The total area of the site is about 14,180 acres including and divided by the river (river area is about 2,000 acres). The city on the western bank is in 10,600 acres of land. Of it, about 1,700 acres along the river front (eroded land, ravines) is left out for riverside development.
Gandhinagar Master Plan was evolved for development of a balanced and healthy community socially as well as economically, as its central theme.
The living areas, work areas and recreational areas have been so inter-related that the time spent by people in commuting to work and back will be minimum.
Thirty sectors, into which the city has been divided, stretch around the central government complex. Each sector has its own shopping and community centre, primary school, health centre, government and private housing. There is a provision for parks, extensive planting and a recreational area along the river giving the city a green garden-city atmosphere.
NAYA RAIPUR: Naya Raipur will be the fourth planned capital city after Chandigarh, Bhubaneswar and Gandhinagar. New Raipur is the upcoming capital of Chhattisgarh being built 17 km away from and in the south-eastern direction of the existing capital Raipur. The project is likely to cost anywhere between Rs 1,500 and 2,000 crore .

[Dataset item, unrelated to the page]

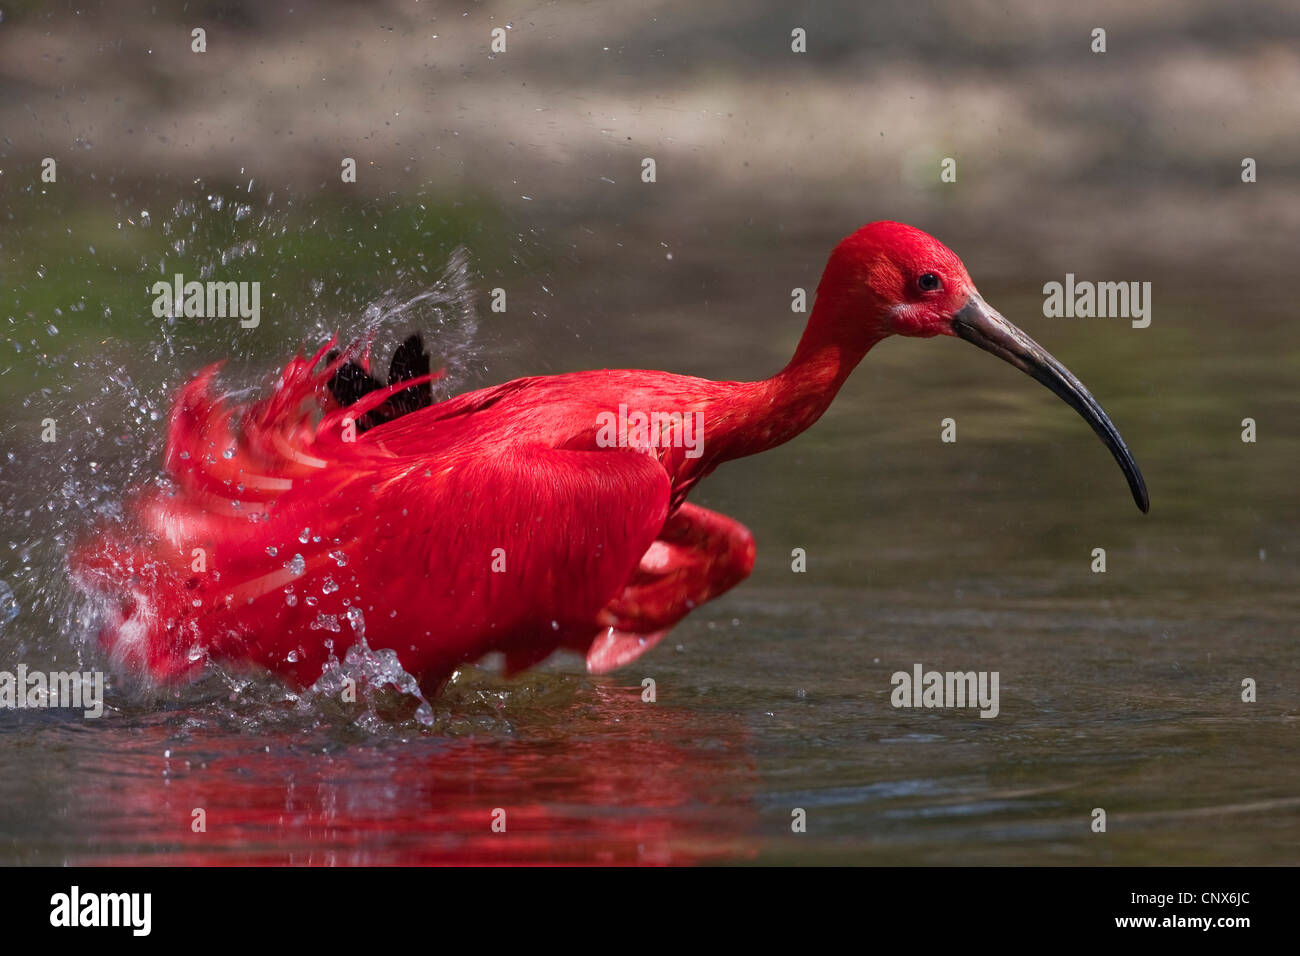 Ibis rouge (Eudocimus ruber), debout dans l'eau les ailes battantes Banque D'Images

Naya Raipur will at once serve as the administrative capital of the state and cater to the infrastructure needs of industry and trade in the region.
Naya Raipur spreads over an area of about 8,000 hectares and it includes 41 villages, of which 27 form the core of the new city. The population of just one village is getting displaced in this renovation of villages for the construction of Naya Raipur.
About half the total acquired land is being used for afforestation, roads, parks, public conveniences, water facilities, canals, green belts, etc. Around 23 per cent of the land will be reserved for educational institutions, government offices and public auditoriums; and 30 per cent for residential and commercial purposes.